Least squares in calibration: dealing with uncertainty in x.

The least-squares (LS) analysis of data with error in x and y is generally thought to yield best results when carried out by minimizing the "total variance" (TV), defined as the sum of the properly weighted squared residuals in x and y. Alternative "effective variance" (EV) methods project the uncertainty in x into an effective contribution to that in y, and though easier to employ are considered to be less reliable. In the case of a linear response function with both sigma(x) and sigma(y) constant, the EV solutions are identically those from ordinary LS; and Monte Carlo (MC) simulations reveal that they can actually yield smaller root-mean-square errors than the TV method. Furthermore, the biases can be predicted from theory based on inverse regression--x upon y when x is error-free and y is uncertain--which yields a bias factor proportional to the ratio sigma(x)(2)/sigma(xm)(2) of the random-error variance in x to the model variance.
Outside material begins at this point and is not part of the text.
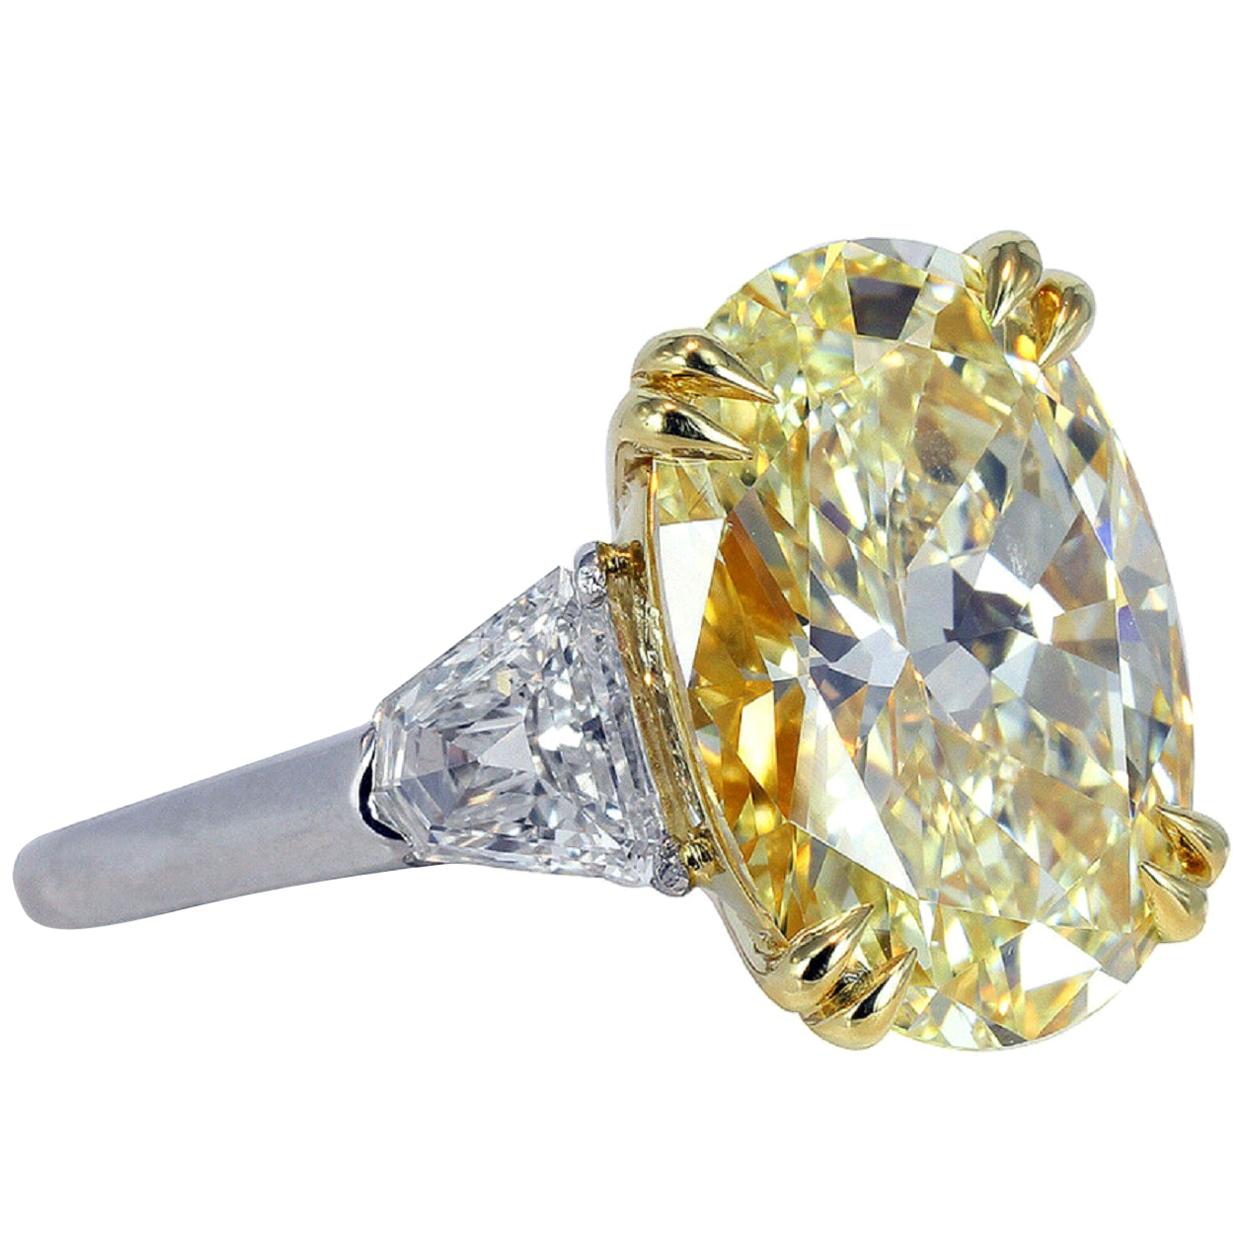 Internally Flawless GIA 2 Carat Fancy Light Yellow Oval Diamond Ring

The MC simulations confirm that the biases are essentially independent of the error in y, hence correctable. With such bias corrections, the better performance of the EV method in estimating the parameters translates into better performance in estimating the unknown (x(0)) from measurements (y(0)) of its response. The predictability of the EV parameter biases extends also to heteroscedastic y data as long as sigma(x) remains constant, but the estimation of x(0) is not as good in this case. When both x and y are heteroscedastic, there is no known way to predict the biases. However, the MC simulations suggest that for proportional error in x, a geometric x-structure leads to small bias and comparable performance for the EV and TV methods.